But a lot of new boards are hybrids. The parkstar is not like most rocker boards. It is 80 percent flat with rocker tip and tail. You should demo some boards. You might find out you like one of the hybrids better.


----------



## neni (Dec 24, 2012)

pilotib said:


> As I am now in my mid-30's, the park riding is gone from me and I love raw, dirty speed and carving the crap out of the icy s*^%hole that is Alpine Valley.


The Custom X is a great board for what you mention, and also performs great in crud, but it is just rather old school hard work in deep pow... if you intend to hit pow frequently (that's what I assume by "going out west"), you might want to look at RCR (rocker in tip n tail, camber between feet) profile boards instead of full camber. 
To make it more complicated, also with RCR decks, shapes still differ  just as an example: the Rossi XV and Jones Flagship have a early rocker nose (rocker lifts right at the last insert), whereas with a Volkl Coal or Ride Highlife the rocker is less pronounced and rises well after the inserts.

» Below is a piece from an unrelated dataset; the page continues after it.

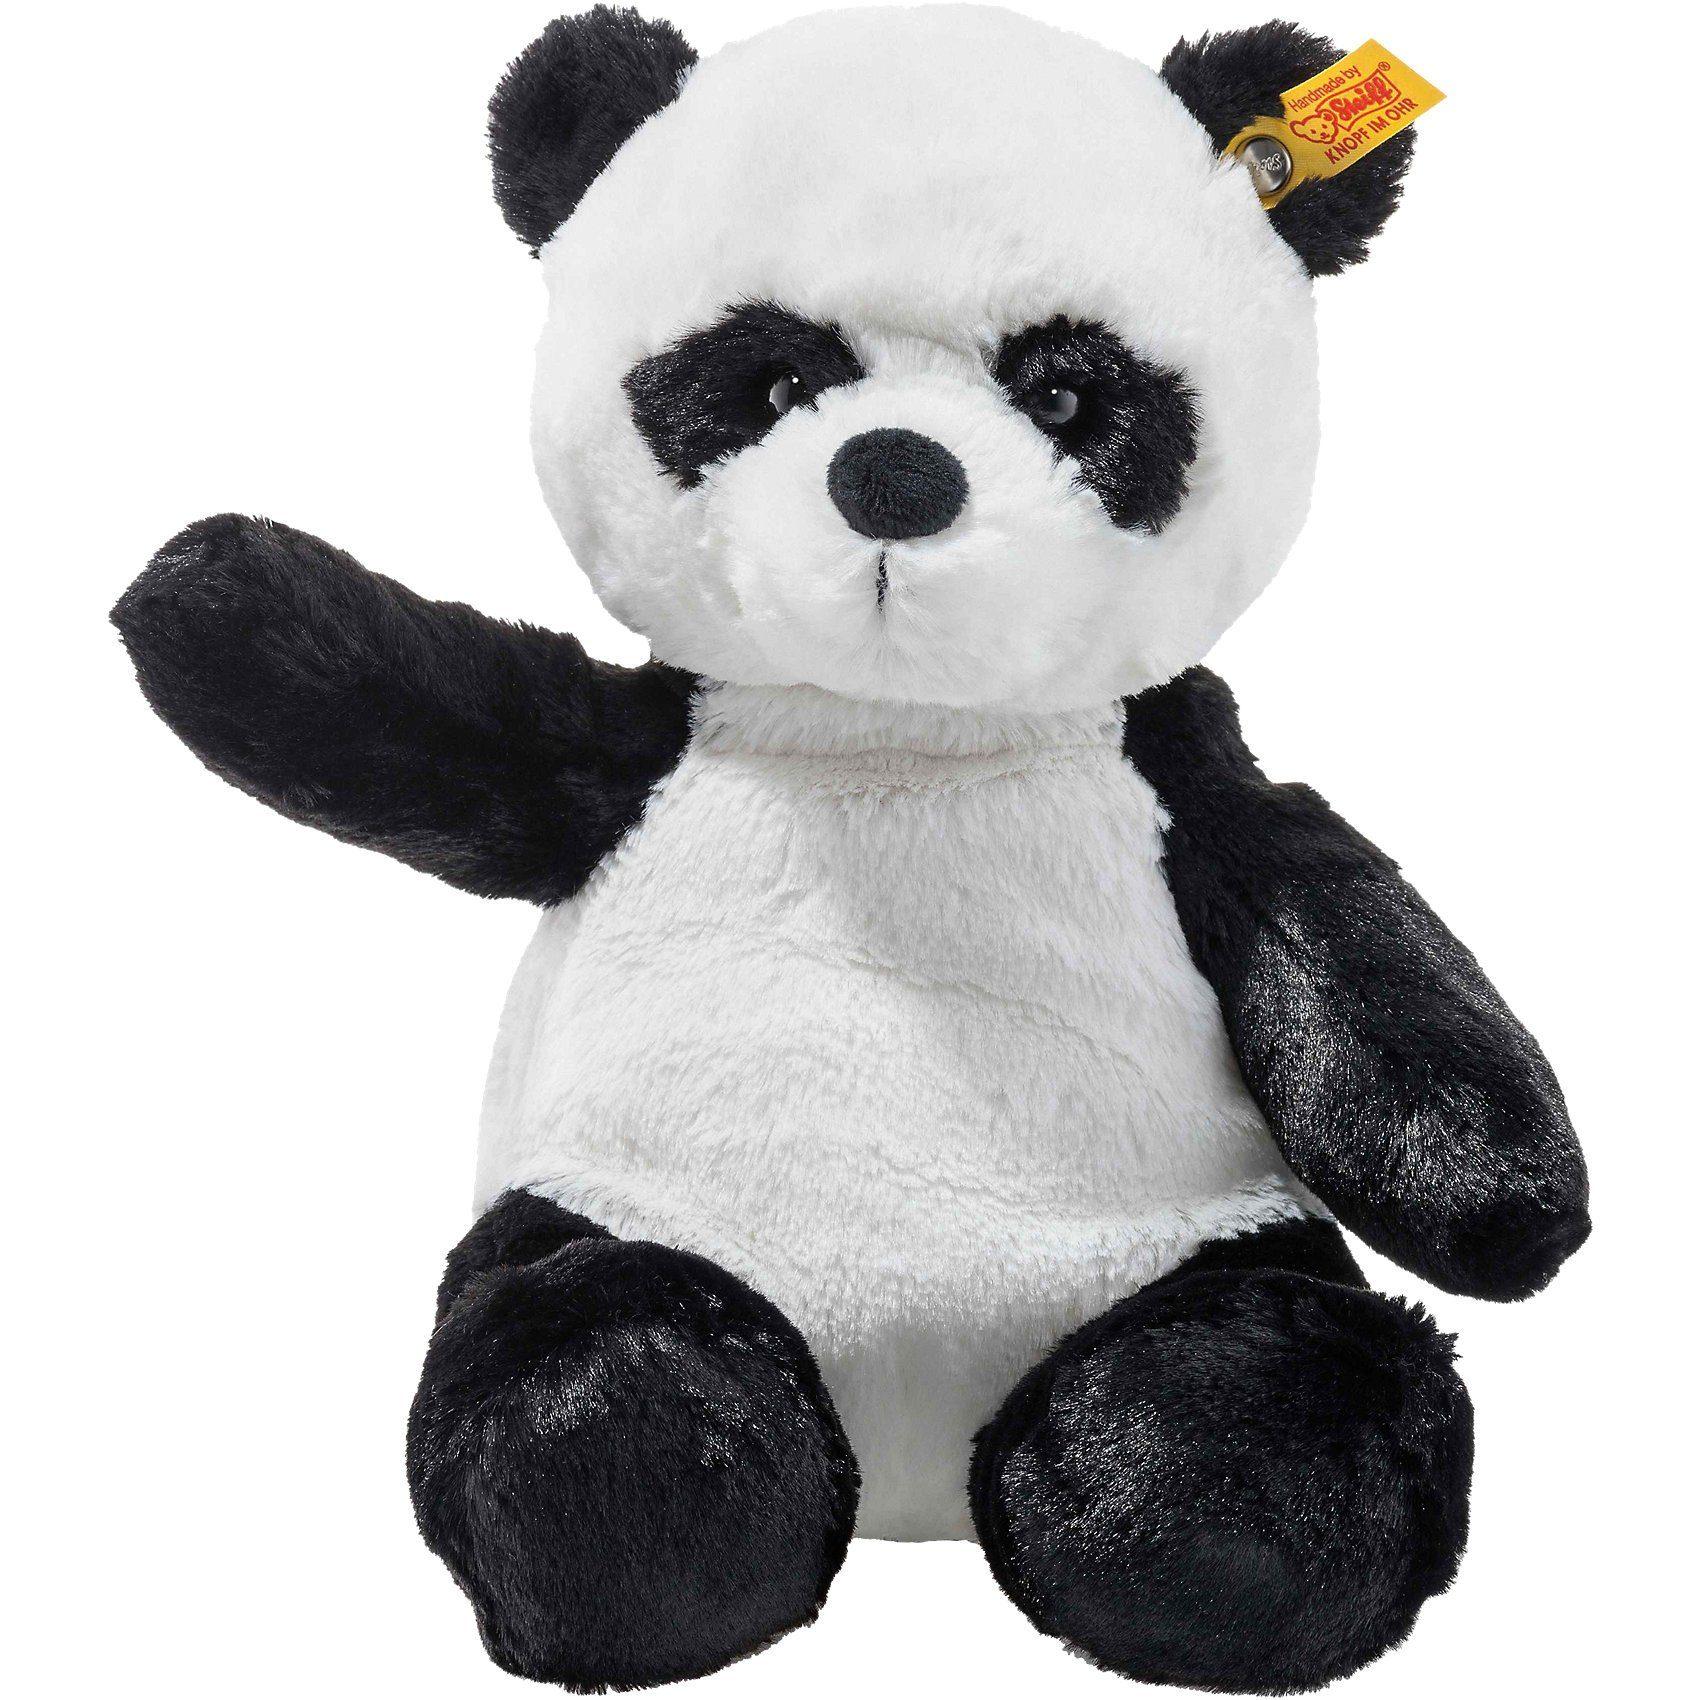 Steiff Soft Cuddly Friends Panda Ming weiss/schwarz, 28 cm

There are many more RCR boards around that would be less plankish than the ones I mentioned and would be better suitable for all day riding (Flagship, Highlife and Coal are great for speed and carving but PITA in crud n moguls). 

BTW: don't look for profiles at online shops. I've seen several boards with completely wrong profiles (e.g. schemes of CRC for a board that actually is a RCR). You can use thegoodride.com to get a general idea what's around, however, take the reviews there with a barrel of salt (copy past chaos and sometimes doubtful if the board was ridden at all) but the shapes were correct for all the boards I've looked at.


----------



## ASwedishViking (Dec 27, 2013)

neni said:


> To make it more complicated, also with RCR decks, shapes still differ  just as an example: the Rossi XV and Jones Flagship have a early rocker nose (rocker lifts right at the last insert), whereas with a Volkl Coal or Ride Highlife the rocker is less pronounced and rises well after the inserts. There are many more RCR boards around that would be less plankish than the ones I mentioned and would be better suitable for all day riding (Flagship, Highlife and Coal are great for speed and carving but PITA in crud n moguls).


Dont forget the Ride Berzerker! Great all-mountain board and cheaper then the Highlife


----------